I remember the first time I saw Soundcloud, the website that lets you share and listen to audio. It looked great, worked really well and felt right. But I couldn’t help staring at the scratchy, squiggly lines that represented tracks and thinking ‘is putting the waveform at the center of things really sensible?’.
This technique seemed really nerdy. And to me — as somebody who has spent his fair share of time inside audio editing programs — it just felt as if the waveform was too far from ordinary people’s experiences of sound. I thought it would just make the site look more technical than it needed to be, and could hamper Soundcloud’s chance of success.
Turns out that I was wrong.
The site is now doing really well. It’s one of Berlin’s top startups, and we listed it as one to watch in our GigaOM Euro 20. Just last month it announced that it had more than 8 million users, and recently I even heard somebody talking on BBC radio about how much they loved it. And here’s the thing: it’s success isn’t despite the waveform but — at least in part — because of it.
To me, the waveform meant “work”, but to millions of other people it means “play”.
But I think there’s something else going on here besides me just misreading it. It seems to me that Soundcloud’s approach is — consciously or not — part of a broader shift: one that takes us towards services exposing the guts of what they do in ways that would have seemed impossibly geeky just a few years ago.
Look at something like Wikipedia, which makes its DNA readable and is now an indisputable part of the cultural landscape. Or Twitter, which really thrives on exposing connections between people — making the way we are connected very clear through layers of information, or shorthand like “@” or “RT”. Or what about when you are inside iMovie and editing a piece of footage and you scrub backwards and forwards through the clip.
These services all make hay, in one way or another, by wearing their structures on the outside: they wear data exoskeletons.
This isn’t just about layers of complication. True enough, it is amazing how people who are otherwise technically illiterate seem to keep on top of Facebook Facebook’s increasingly byzantine, constantly changing systems — but that’s not what I mean.
I’m talking about a different way of looking at things, of feeling the web. Perhaps it is a move towards what James Bridle calls the new aesthetic. Bridle, who thinks mostly about publishing, uses the term to talk specifically about a new way of looking at the future — but I think it holds true for what I’m talking about too.
Here’s how he explains it:
What I mean is that we’ve got frustrated with the NASA extropianism space-future, the failure of jetpacks, and we need to see the technologies we actually have with a new wonder.
Sometimes simply being able to see something allows us to wonder at it. Sometimes, as with Twitter, it’s about making the connective tissue — in their case messages and conversations — a living part of the service.
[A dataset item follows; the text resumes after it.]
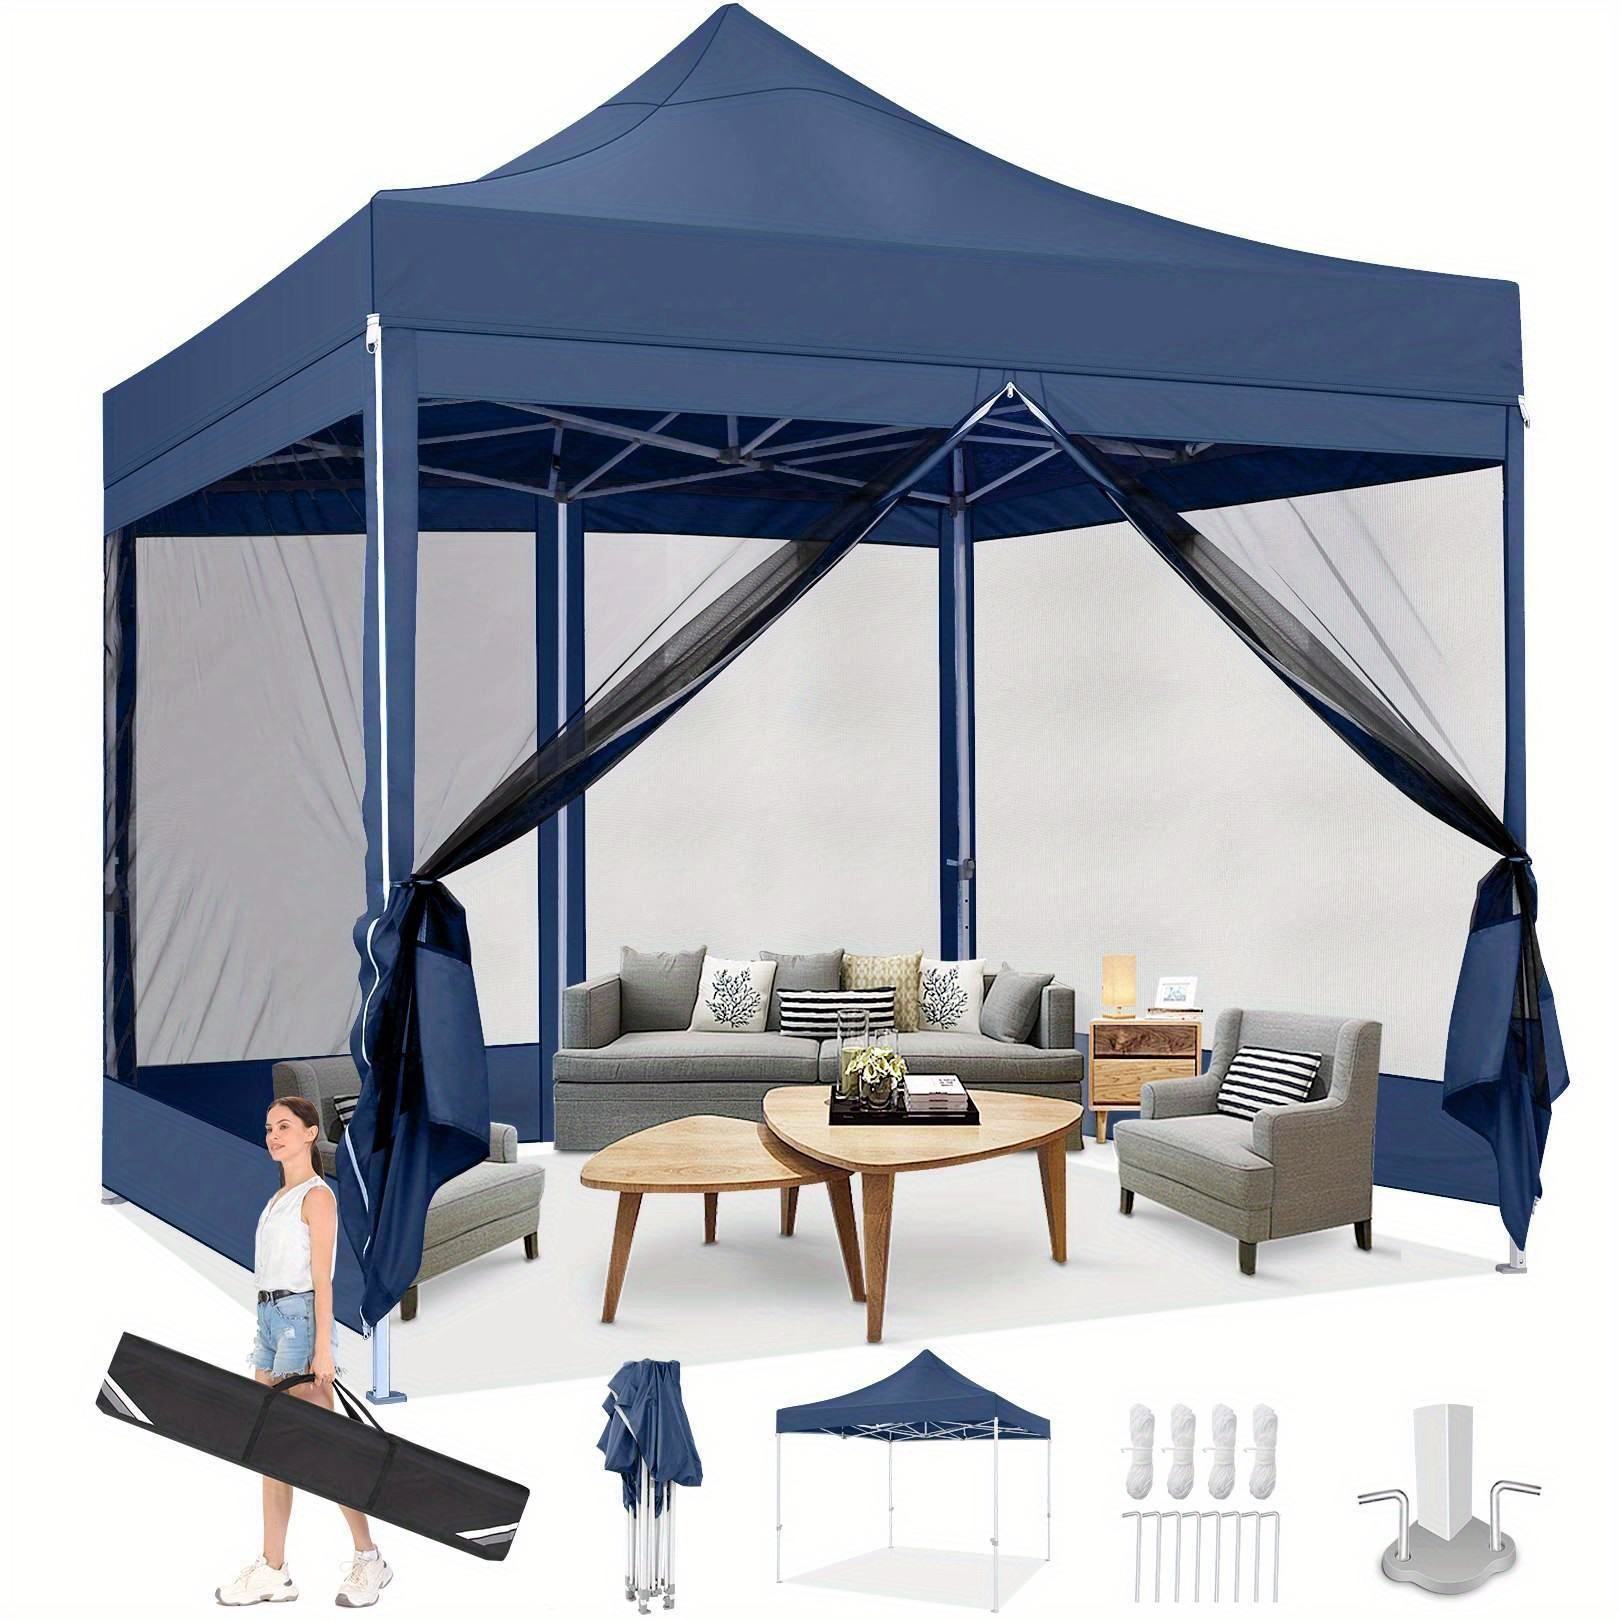 

Hoteel 10x10ft Pop-up Playground Awning With Removable Side Wall And Mesh, Waterproof Stability, Uv Protection, With Tote Bag, Suitable For Outdoor Use

Sometimes, as with Soundcloud, it’s the idea of having a visual or physical representation of a previously invisible concept.
This isn’t always new. The truth is that we’ve often had physical representations of sound — a piece of vinyl, a tape, a CD — and it’s only in the last few years, with the move to non-physical formats that we’ve lost the conception of what music looks like. But Soundcloud’s adoption of the waveform is perhaps the purest we’ve seen. It’s not just a package: you feel like this is what music would actually look like (in a way, it is).
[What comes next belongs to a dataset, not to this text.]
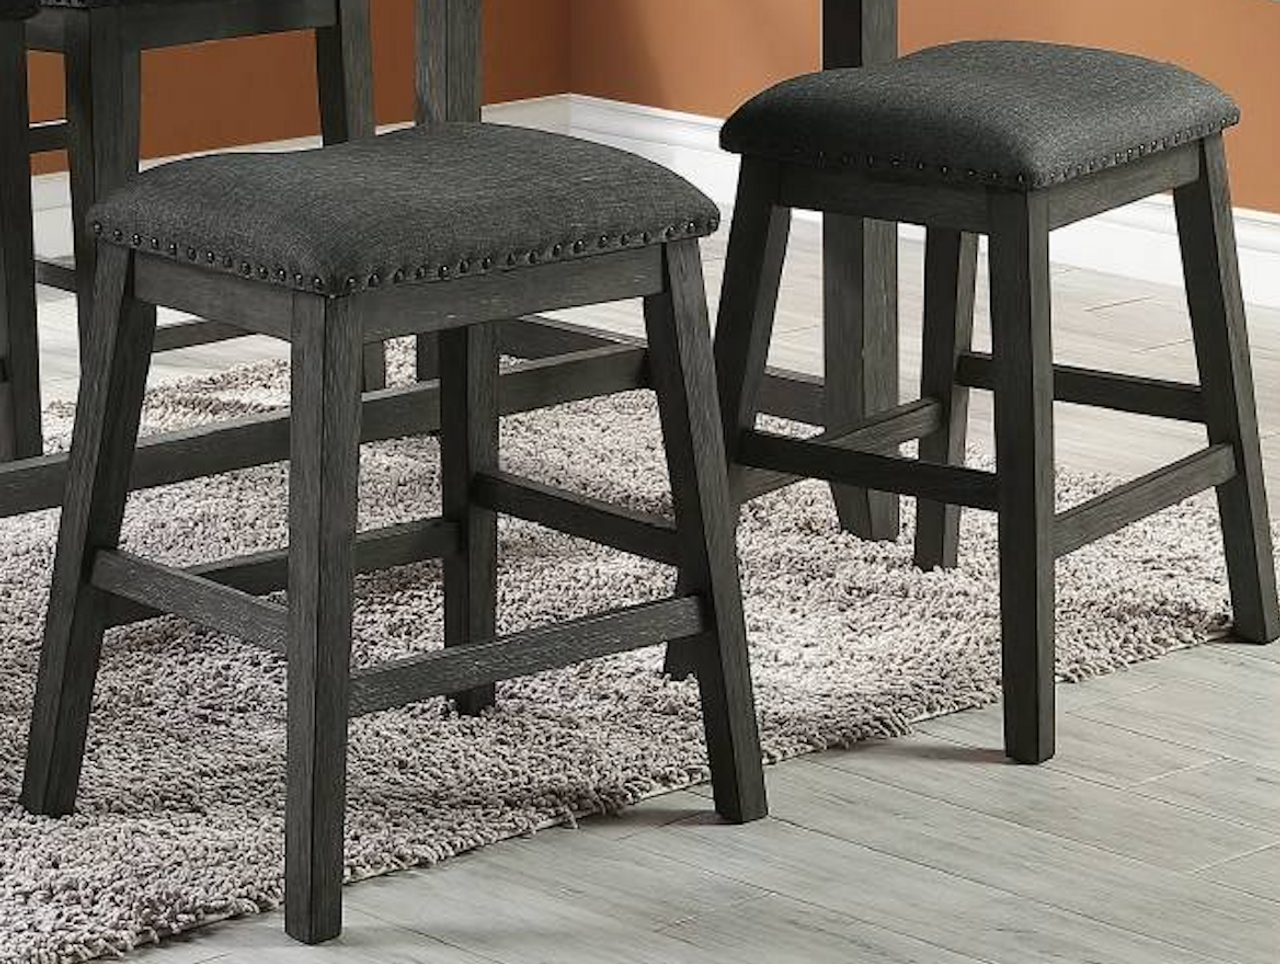 Modern Contemporary Dining Room Furniture Chairs Set of 2 Counter Height High Stools Dark Brown Finish Wooden Foam Cushion Seat

Is the data exoskeleton a brutal industrial statement? Is it the equivalent to architecture’s structural impressionism, like Richard Rogers’ Lloyd’s building, or the Pompidou Centre? Or is it gentle reminder that the service is based on something real, like having a room with exposed brickwork that simply shows the craft that went into production?
And should web services do more to show you that you aren’t just trading in strings of intangible data, but in thoughts, in ideas, in effort?
I wonder if we’ll see more services like this emerge, and whether it’s possible that websites that can use this idea carefully will have an advantage over others.